_Exercise objective_
Give back exactly the lines from the beginning of the listing below to the line holding "Ryandale - Antique", both ends included; the pictures stay out.

[[ Data excerpt, beginning ]]

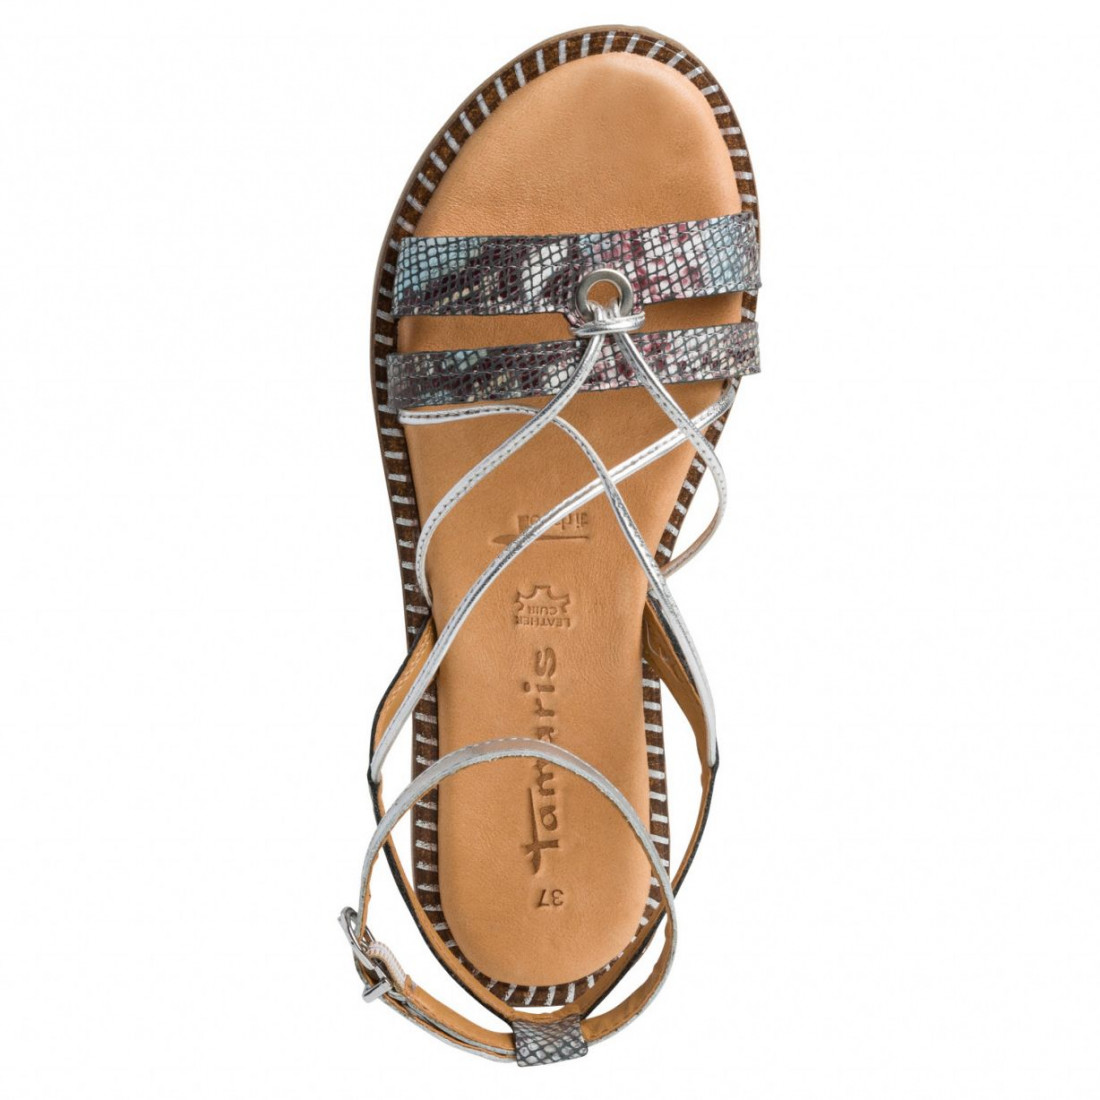 Tamaris flat and straps silver in sandals effect pyton with blue
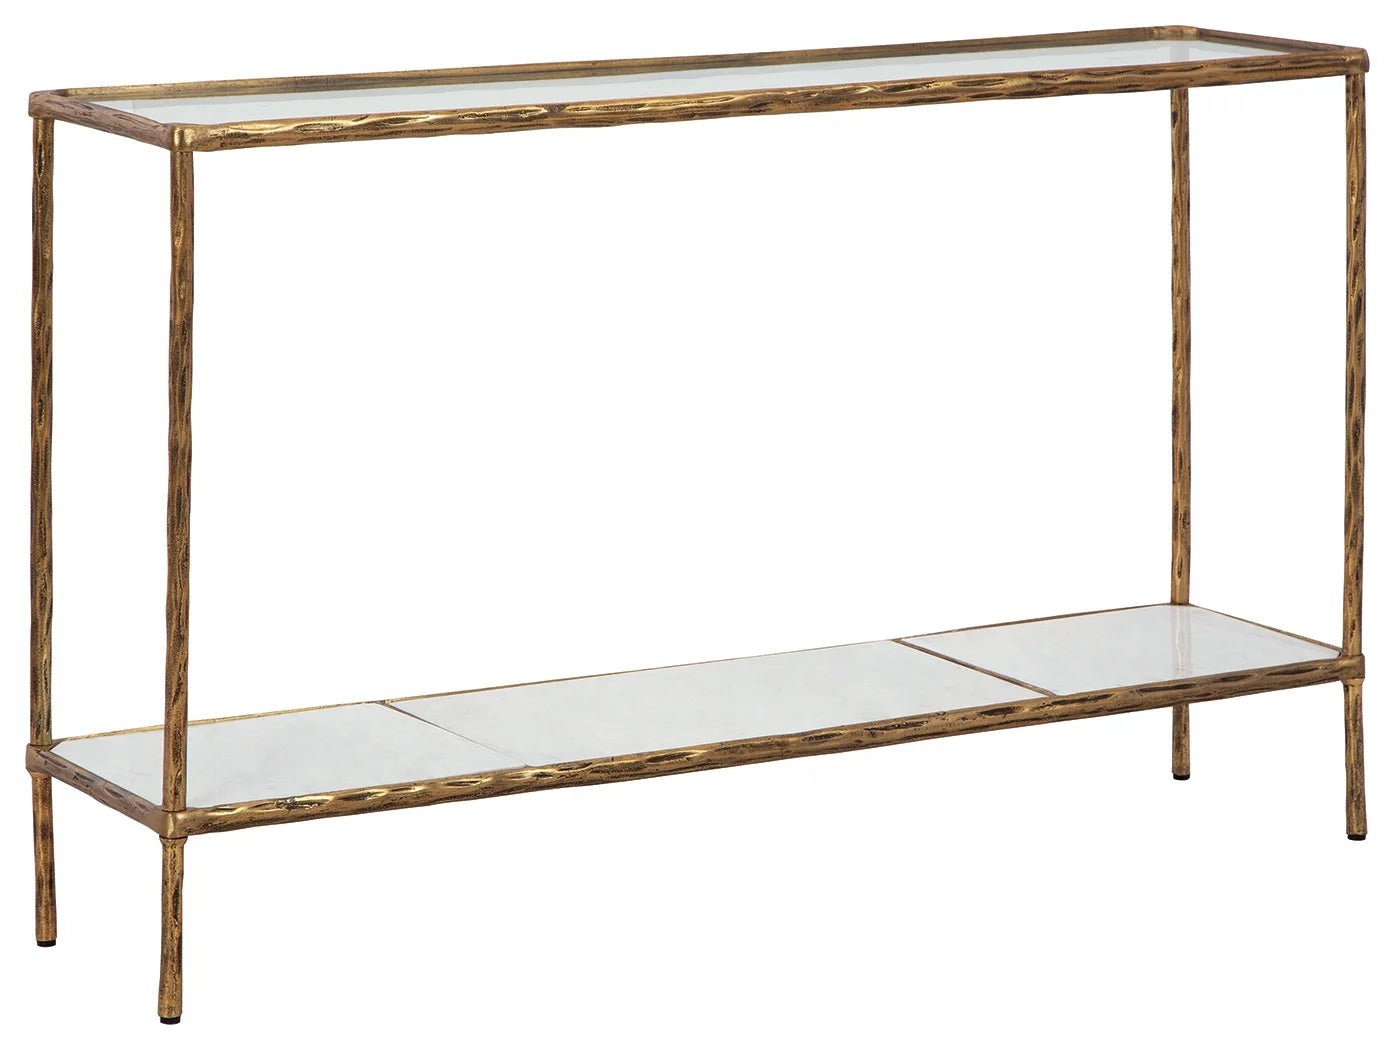 Ryandale - Antique Brass Finish - Console Sofa Table 1
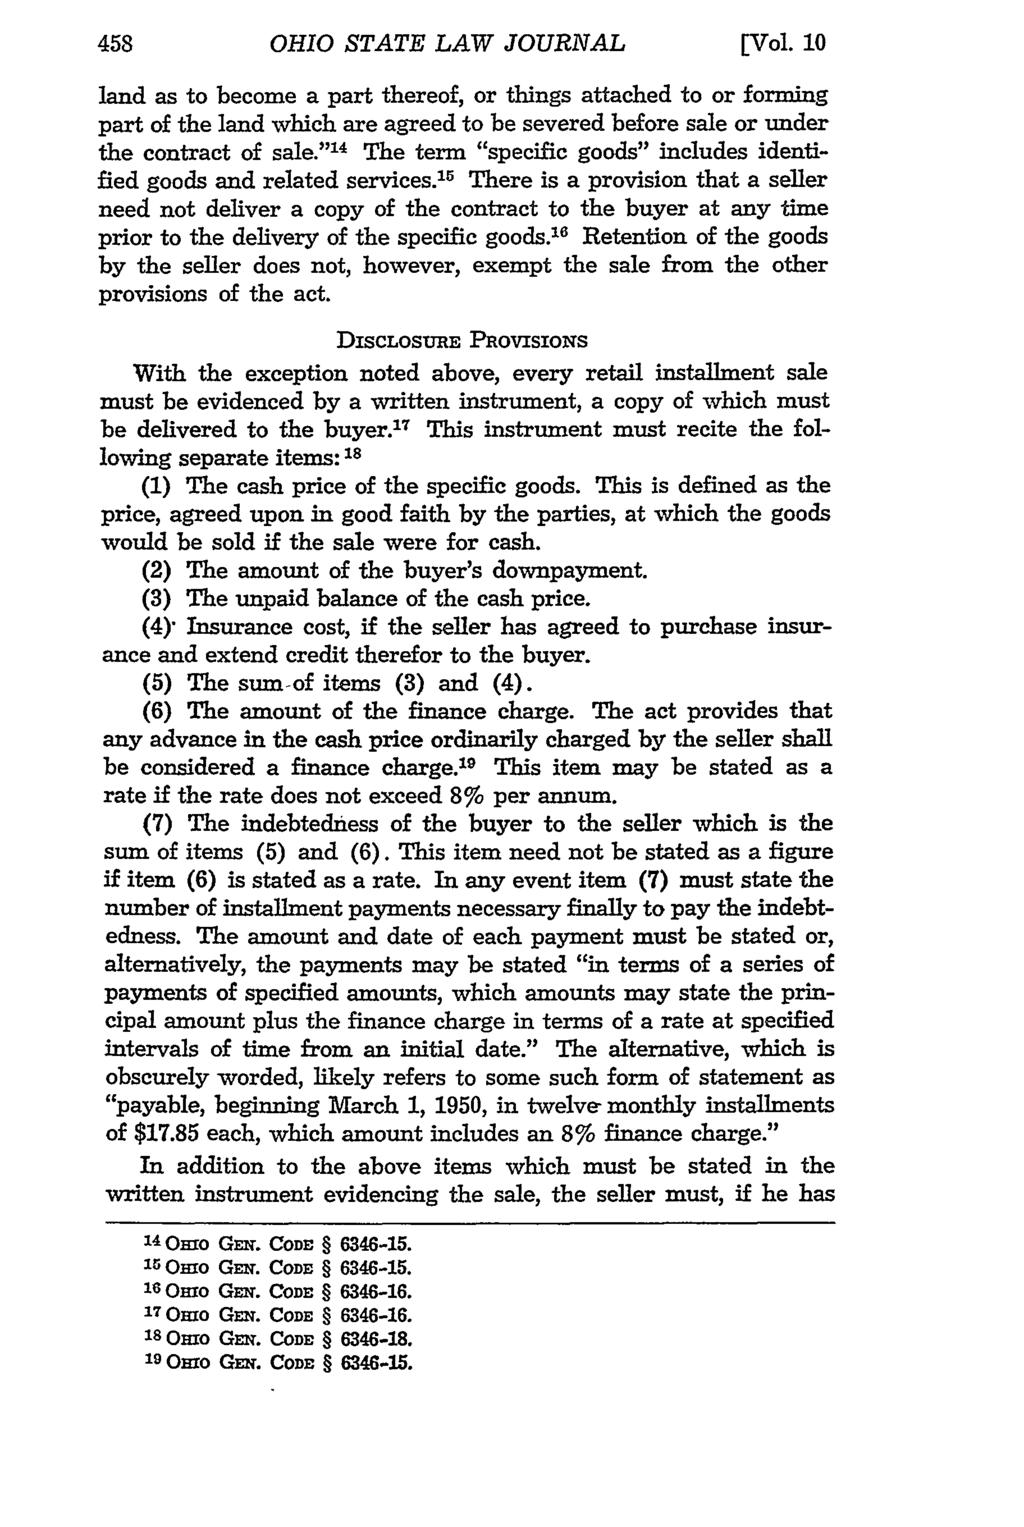 OHIO STATE LAW JOURNAL [Vol. 10 land as to become a part thereof, or things attached to or forming part of the land which are agreed to be severed before sale or under the contract of sale.

[[ Data excerpt, end ]]

_Exercise solution_
 Tamaris flat and straps silver in sandals effect pyton with blue
 Ryandale - Antique Brass Finish - Console Sofa Table 1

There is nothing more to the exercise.